§ **TASK STATEMENT**: For the entries below, print exactly the lines between the line holding "Children, ages 5" and the line holding "Netflix's take on", inclusive, and nothing else.

§ **INPUT MATERIAL**:
....................

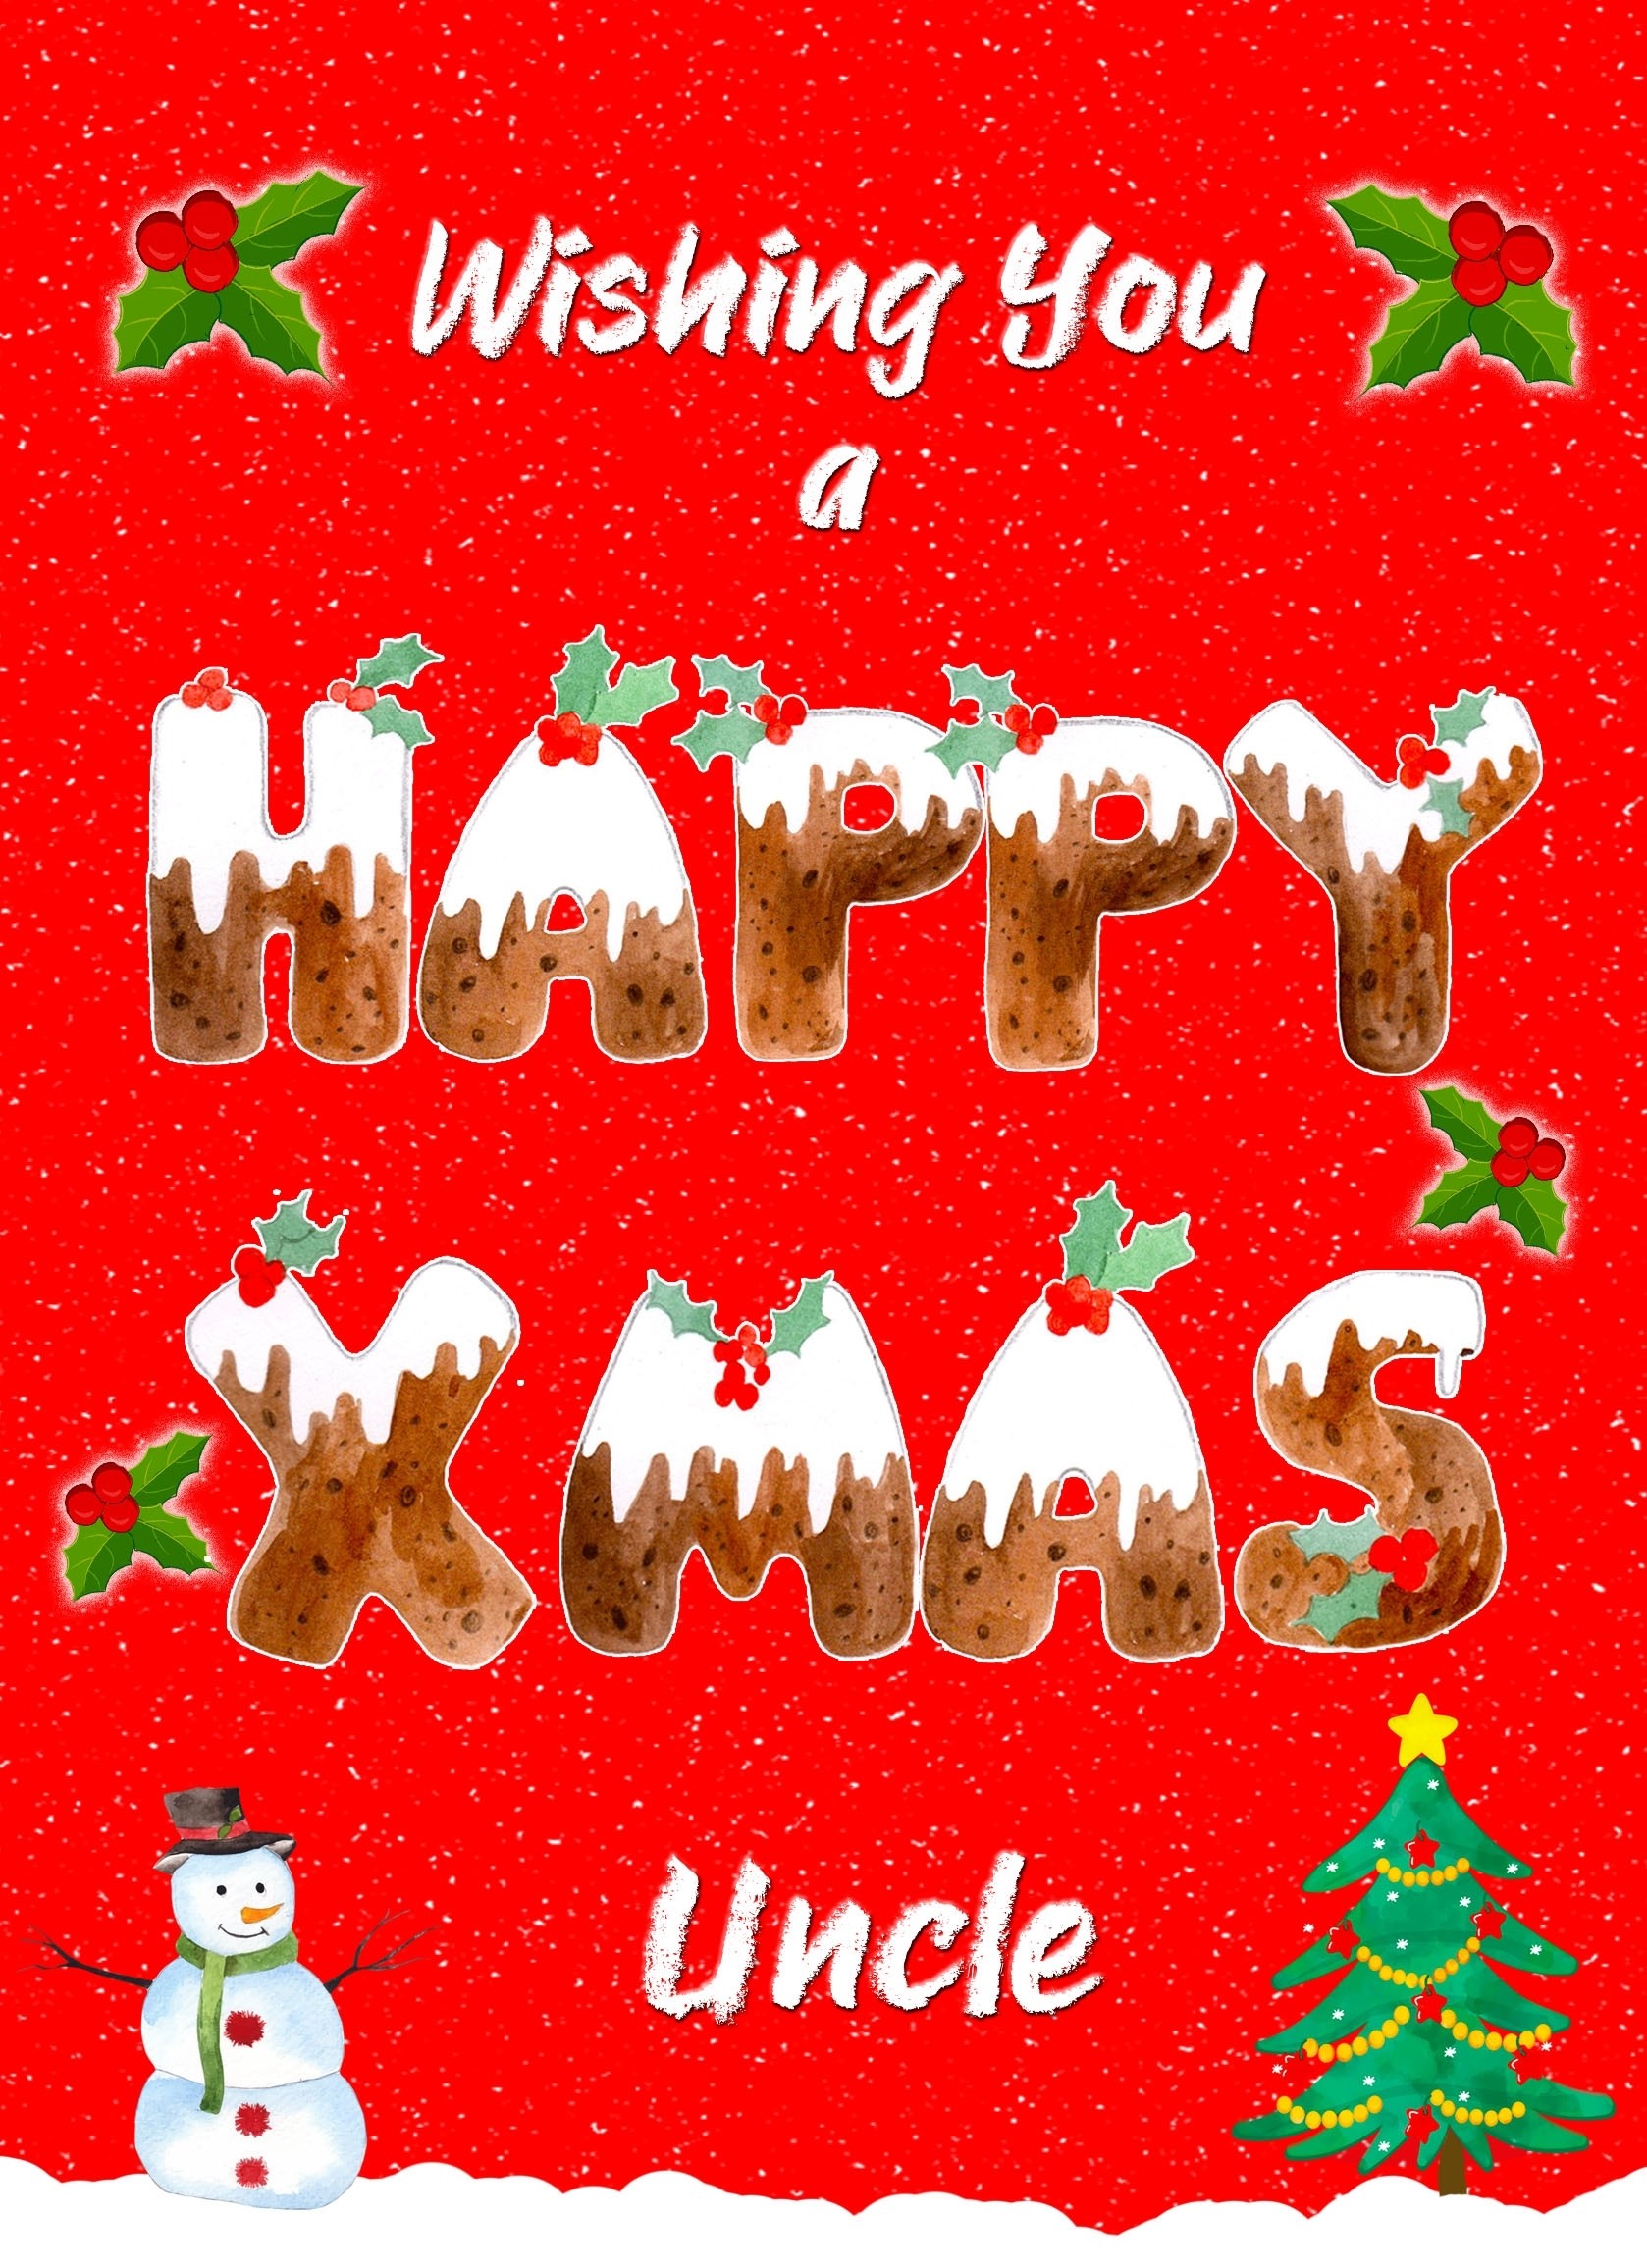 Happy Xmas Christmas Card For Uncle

....................

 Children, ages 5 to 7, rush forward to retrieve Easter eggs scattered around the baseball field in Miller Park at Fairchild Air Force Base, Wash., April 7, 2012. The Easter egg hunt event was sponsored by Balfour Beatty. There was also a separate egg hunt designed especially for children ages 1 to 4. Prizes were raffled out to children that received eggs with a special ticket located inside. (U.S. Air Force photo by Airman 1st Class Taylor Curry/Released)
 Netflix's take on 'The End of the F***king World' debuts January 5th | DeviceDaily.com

....................

§ **WRITTEN ANSWER**:
 Children, ages 5 to 7, rush forward to retrieve Easter eggs scattered around the baseball field in Miller Park at Fairchild Air Force Base, Wash., April 7, 2012. The Easter egg hunt event was sponsored by Balfour Beatty. There was also a separate egg hunt designed especially for children ages 1 to 4. Prizes were raffled out to children that received eggs with a special ticket located inside. (U.S. Air Force photo by Airman 1st Class Taylor Curry/Released)
 Netflix's take on 'The End of the F***king World' debuts January 5th | DeviceDaily.com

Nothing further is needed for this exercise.